Any comments on the site would also be welcome.

Thanks,
Mike Kieffer
http://www.prosphotos.com
Link Directory Editor


----------



## aggiezach (Aug 4, 2004)

Thanks yo!


----------



## htkchen (Aug 5, 2004)

Awesome, I just added both my personal and photo website. Thanks for the link!


----------



## Gymrat (Aug 6, 2004)

Done.

Very cool idea.


----------



## mkieff (Aug 31, 2004)

We have now broken the 1500 links barrier.  

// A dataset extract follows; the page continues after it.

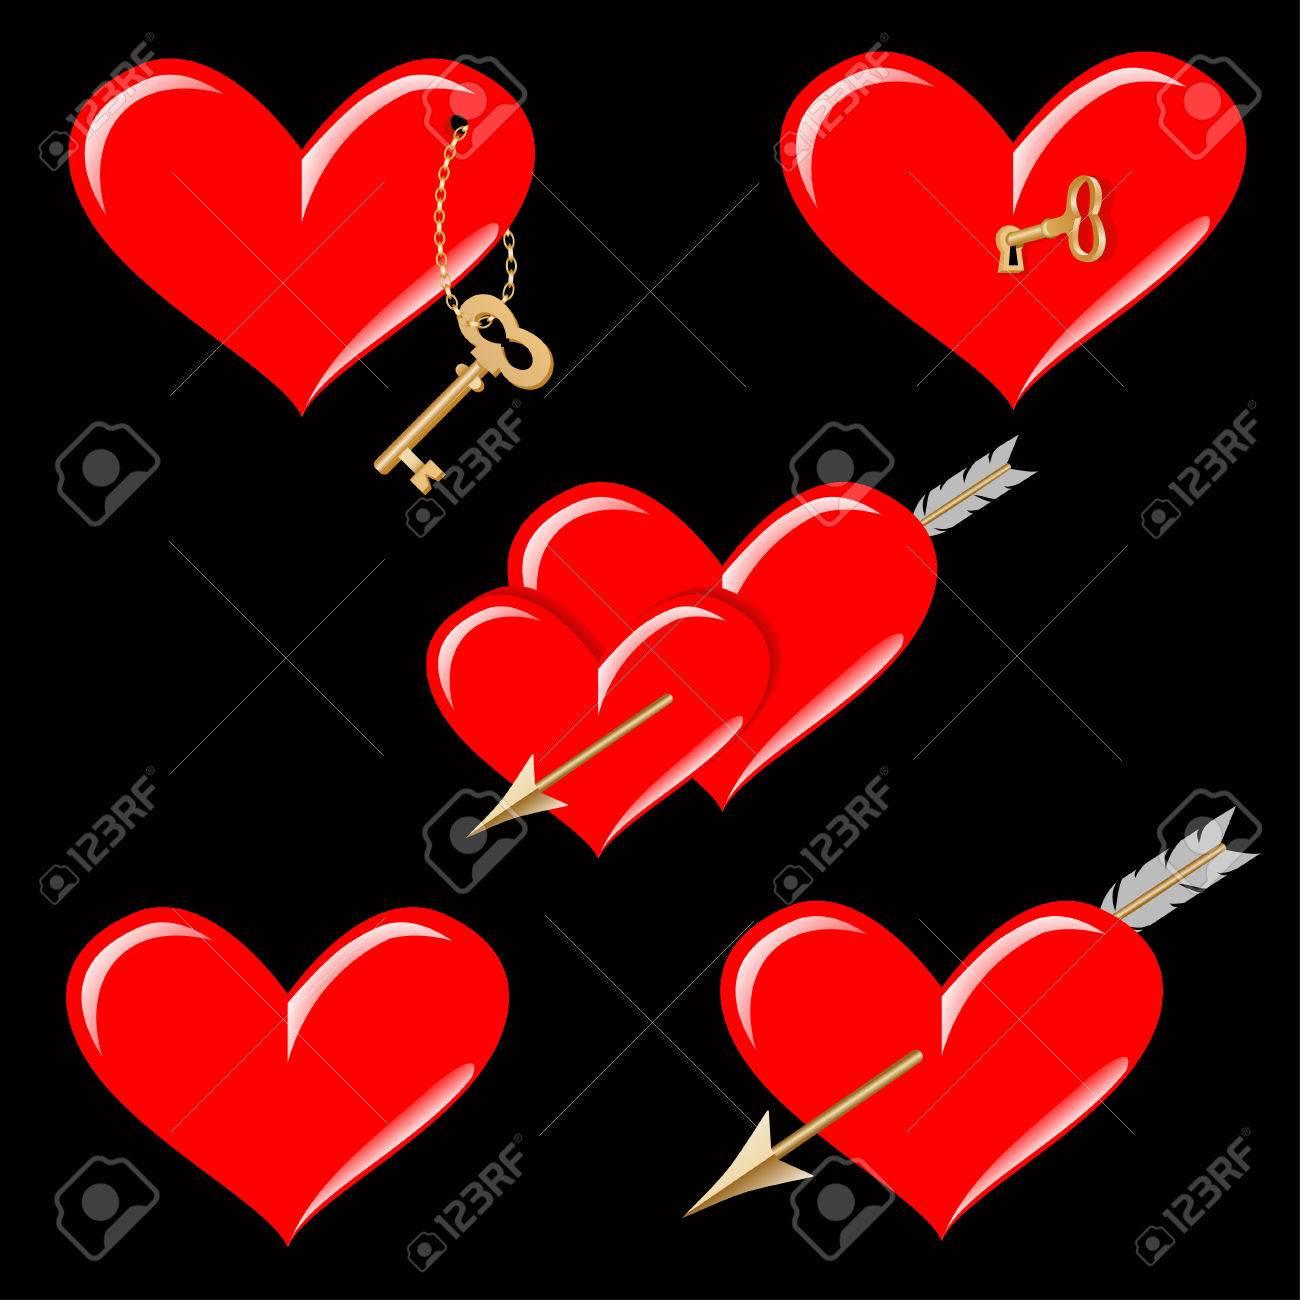 Hearts icons heart symbols of st valentine royalty free heart symbols of st valentine stock vector 52359348 biocorpaavc

Thanks for everyones support of the site.


----------



## Chase (Aug 31, 2004)

Sounds like your site is growing nicely!


----------



## Mo (Sep 26, 2004)

Cool Site!

You've got some great links :!:


----------



## elrick (Oct 26, 2004)

Thank You, yesterday I've added my site to your listing


----------



## pdfoto.com (Nov 7, 2004)

mkieff said:
			
		

> I started a photography link directory at the begining of the year.  It now has 1400+ sites listed in it.
> 
> I am inviting anyone to add their photography site to the list.  You can do this by going to  :arrow: http://www.prosphotos.com
> 
> ...



Awesome site BTW. Checked it out signed up and all that. But haven't figured out how to upload the screenshot of my site for the Featured Sites.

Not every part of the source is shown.